Highlighting, on the occasion of World Wildlife Day, the importance of wildlife in protection and conservation of ecosystem, Secretary-General of the United Nations Ban Ki-moon urged the global community to act seriously to check wildlife crimes mentioning that illegal wildlife trade undermined rule of law, degraded ecosystems and severely hampered the efforts of rural communities striving to sustainably manage their natural resources.

Proclaimed by the UN General Assembly in 2013 for 3 March, the day of the adoption of the Convention on International Trade in Endangered Species of Wild Fauna and Flora (CITES), the theme of this year’s World Wildlife Day is 'It's time to get serious about wildlife crime.

As per estimations of the United Nations, as many as 100,000 African elephants were killed between 2010 and 2012. For forest elephants, the population declined by an estimated 62 per cent between 2002 and 2011. In Asia, poached African ivory may represent an end-user street value of $165 to $188 million. According to new figures, elephant poaching rates remained virtually unchanged in 2014 compared to 2013, and still higher than the natural elephant population growth rates, meaning “a continued decline in elephant numbers overall is likely,” the UN apprehended.
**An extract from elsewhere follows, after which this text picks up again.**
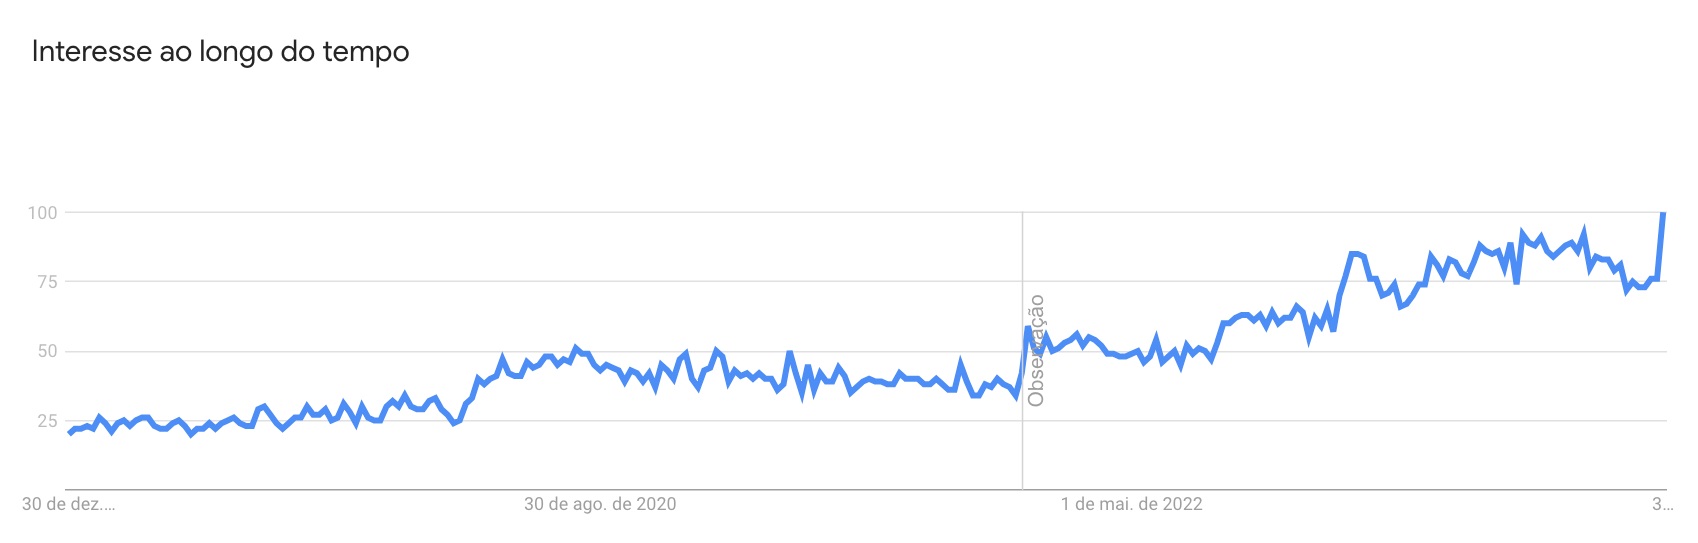 Gráfico do Google Trends que mostra o interesse nas buscas globais para o termo "Print on Demand" nos últimos 5 anos. O gráfico mostra uma tendência de alta com o interesse máximo pelo assunto no começo de 2024.
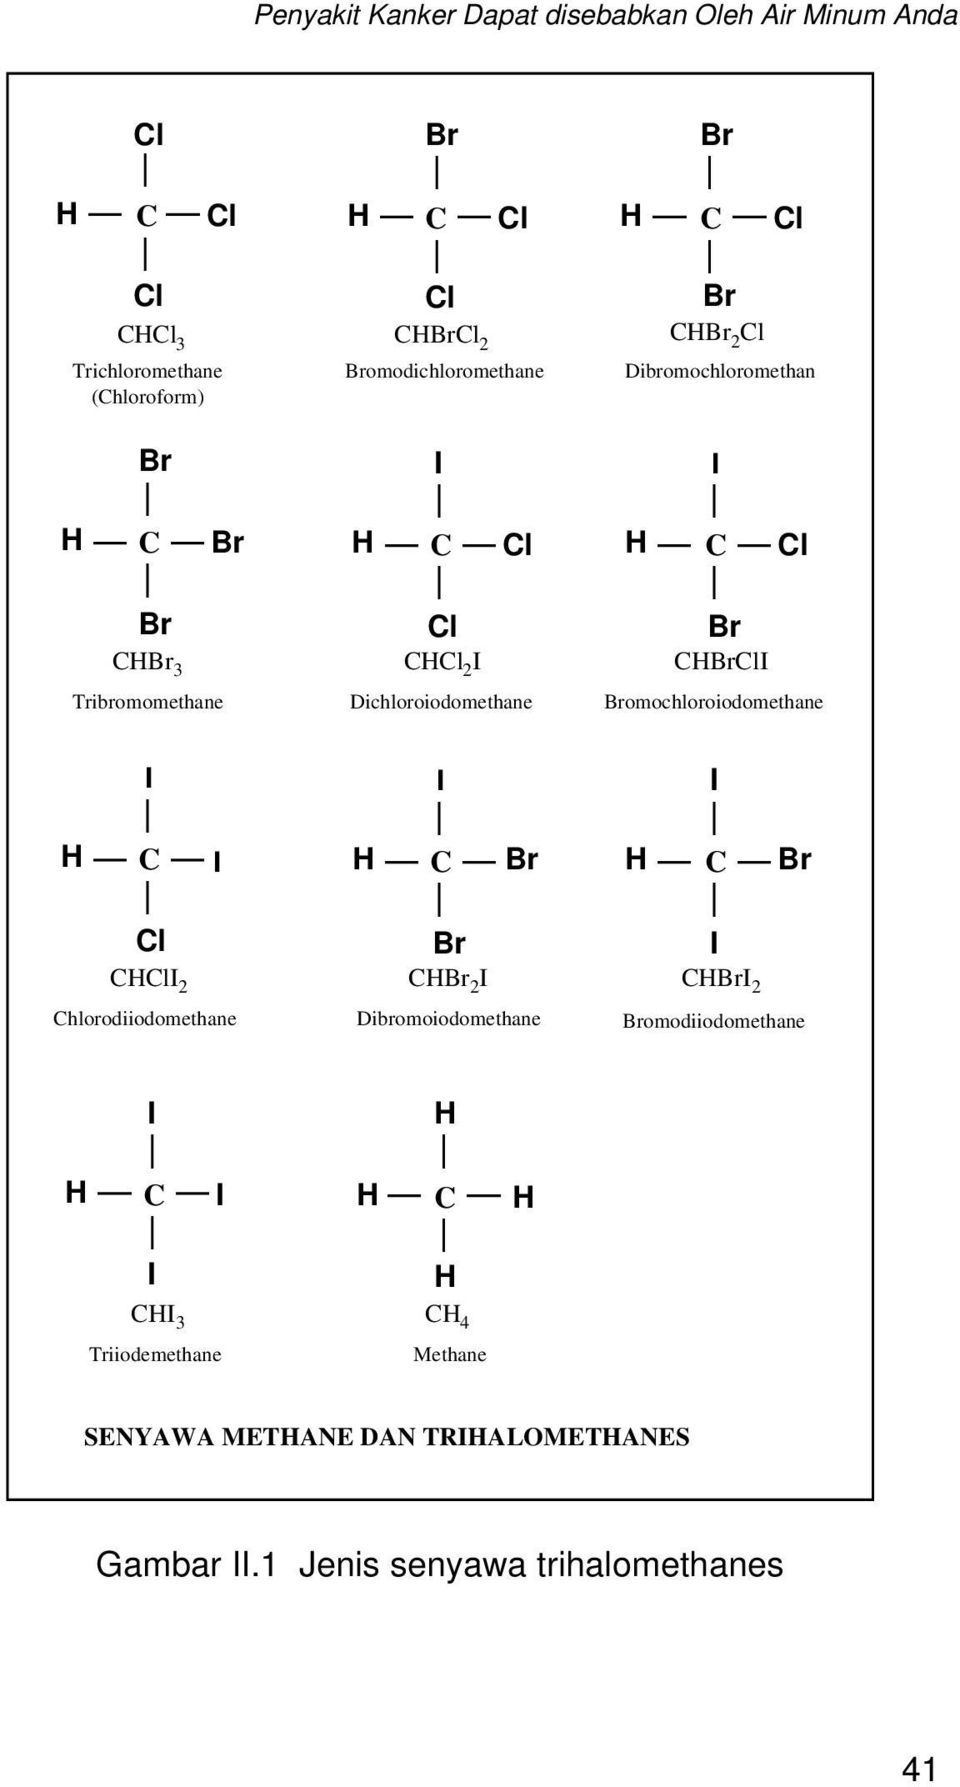 omochloroiodomethane C C C C 2 Chlorodiiodomethane C 2 Dibromoiodomethane C 2 omodiiodomethane C C

According to CITES, 1,215 rhinos were poached in South Africa alone in 2014, which indicates that one rhino is killed every eight hours, so three in a day. Approximately 94 per cent of rhino poaching takes place in South Africa, which has the largest remaining populations, and rhino horn poached in 2014 is valued at an estimated $63 to $192 million.

As per information provided by India’s environment and forest ministry to the parliament, at least 78 tigers died in India in the year 2014 due to poaching and other reasons. Data recorded by Wildlife Protection Society of India (WPSI) says, 1033 tigers and 4084 leopards have been killed in India between 1994 and 2014.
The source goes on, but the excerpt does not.